Дверь мне открыла женщина с ясными, внимательными глазами, замечательно убранной, сложной прической, с красивыми, резкими, чуть смягченными усталостью чертами лица. На ней было платье джерси глухо-фиолетового тона с высоким закрытым воротничком, наборный пояс из массивных серебряных колец, фиолетового же лака туфли с посеребренными шнурками и на каблуке средней высоты. Среднего (для женщины, собственно, даже чуть выше среднего) роста, полная, но подтянутая, легкая в движениях. Ярко накрашенные губы (но никак не намалеваны, а тщательно вырисованы со множеством полутонов-переходов), глаза чуть подсинены. Красота этой женщины не старилась вместе с ней, а просто сменялась красотой иного типа, но именно и бесспорно – красотой.
Один тип красоты держался примерно десять лет, а потом в год-полтора исчезал, переходил в другой, появляющийся на смену.

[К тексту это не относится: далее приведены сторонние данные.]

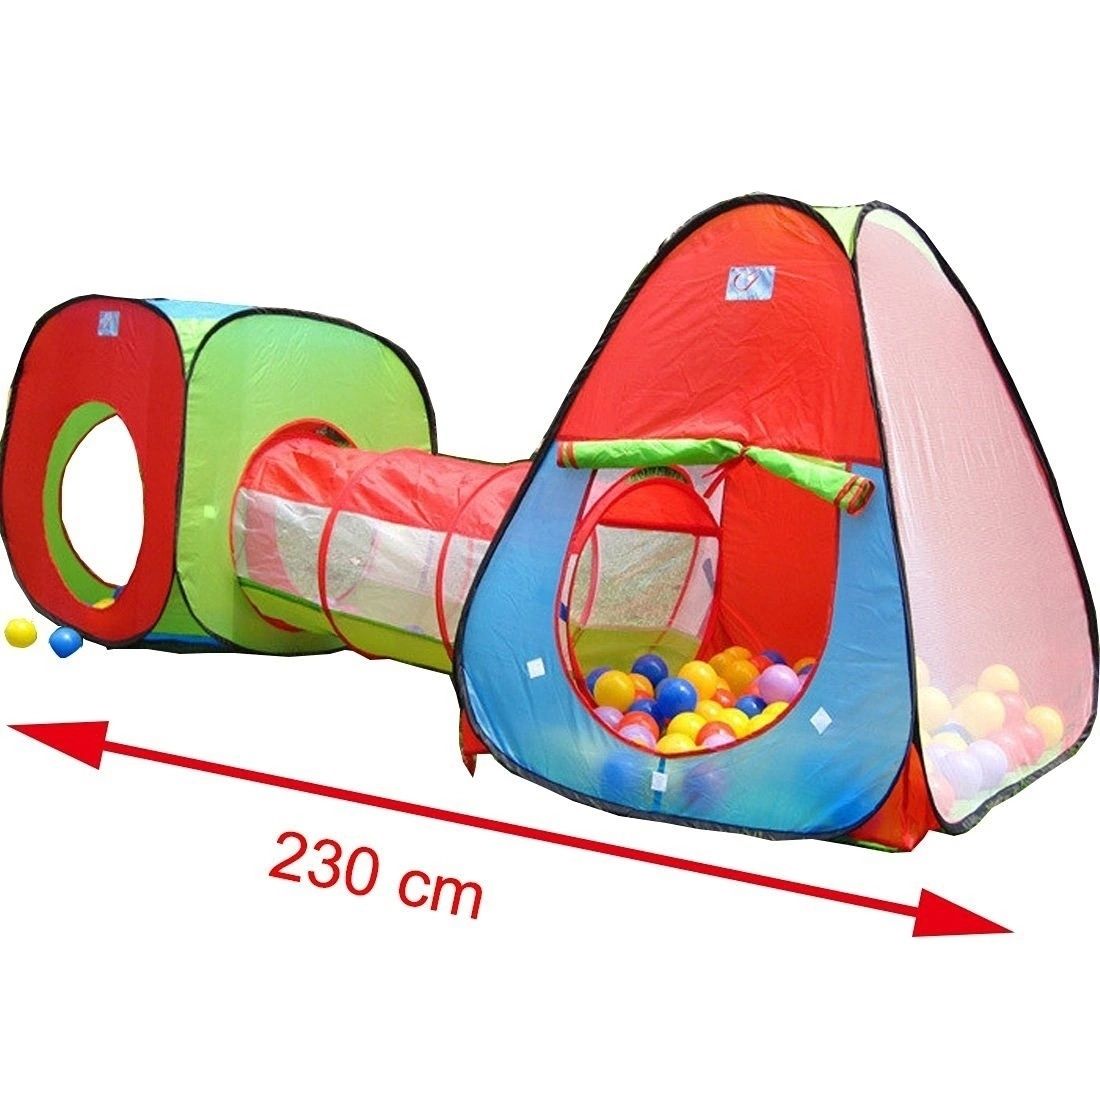 Детская игровая двойная палатка с тоннелем.

И она как бы знала это, и уже привыкла, и не стремилась удержать уходящее, а со вниманием приглядывалась, каково то новое, что приходит к ней из будущего.
Это была единственная сестра Колиной мамы, его тетя – Исидора Викторовна. Я знал ее лет двадцать (столько, сколько дружил с Колей Комоловым и ходил к нему домой), и ее волшебные изменения, ее победоносное, полное достоинства движение по маршруту 40–50—60 проводило на моих глазах. Повторяю, что с десятилетиями менялся только тип ее красоты, манера очарования, если можно так сказать. На самый внимательный взгляд это была зрелая женщина, но и не больше. И уж ни о каком постарении или одряхлении и речи не могло быть.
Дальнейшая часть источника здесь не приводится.